Margaret Byrnes, National Library of Medicine (U.S.)
The need to ensure the long term survival of information that is issued only in electronic form has been a topic of discussion at the National Library of Medicine for several years. NLM has a formal mandate to collect and preserve the record of biomedicine. We understand that mandate to include "born digital" biomedical materials as well as other formats. This issue has been a recurring topic at meetings of the NLM Board of Regents and has emerged as one of the goals in our long range plan for 2000 – 2005. Under the objective "Acquire, Organize, and Preserve Biomedical Information" the plan includes the following goals:
- Take a leadership role in ensuring permanent access to important digital materials in health and biomedicine, including electronic journals, databases, documents published on the Web, and new kinds of scholarly communication and documentation of knowledge, using NLM’s own electronic output and services as initial test beds
- Work with national libraries and other appropriate organizations to develop, test, and implement standards and strategies for permanent access to electronic information.

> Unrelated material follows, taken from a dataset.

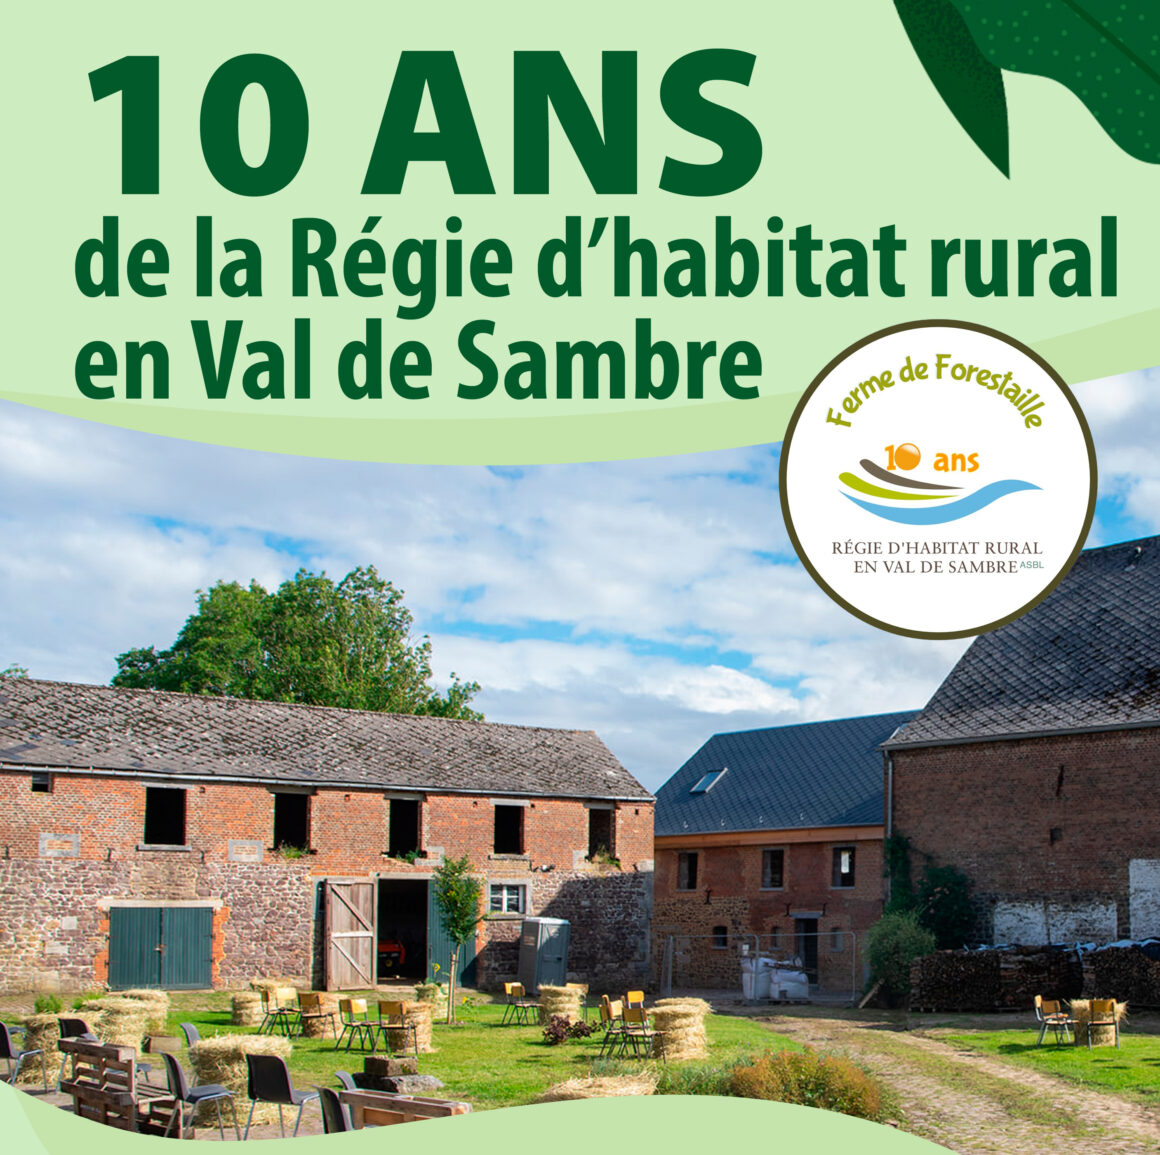 10 ans de la Régie d’habitat rural en Val de Sambre

To achieve these goals, NLM decided that the first step should be to look at our own electronic publications and decide how best to ensure access to those we consider to be of lasting value. We thought that having a model for our own publications would prove useful in future discussions of permanence issues with publishers of other electronic biomedical research information. We also hoped that by developing a system for communicating NLM’s commitment to permanence for some of our electronic publications, we could contribute to other efforts in the library community to develop preservation metadata and archiving strategies.
The Working Group on Permanence of NLM’s Electronic Information (WGP) was asked to address a user’s need to know whether a resource he or she creates, uses, or cites will remain available, unchanged, and in the same location the next time it is needed. The WGP’s specific charge was:
To examine the range of electronic information produced by NLM and develop recommendations for:
- levels of permanence suitable for different categories of NLM information
- methods of recording and communicating permanence levels
- procedures for ensuring that permanence levels are implemented.
After a year of deliberations, the WGP proposed the following rating system:
Identifier Validity (IV)
- Transient
- Guaranteed
Resource Availability (RA)
- No guarantee
- Permanently Available
Content Invariance (CI)
- Dynamic
- Stable
- Unchanging
The three main concepts underlying this system are:
Identifier Validity: the extent to which a resource’s identifier will remain the same over time and retrieve the same resource
Resource Availability: the degree to which users can be assured that a given resource will be there the next time it is needed. A rating of Permanently Available communicates a commitment that NLM will archive the resource.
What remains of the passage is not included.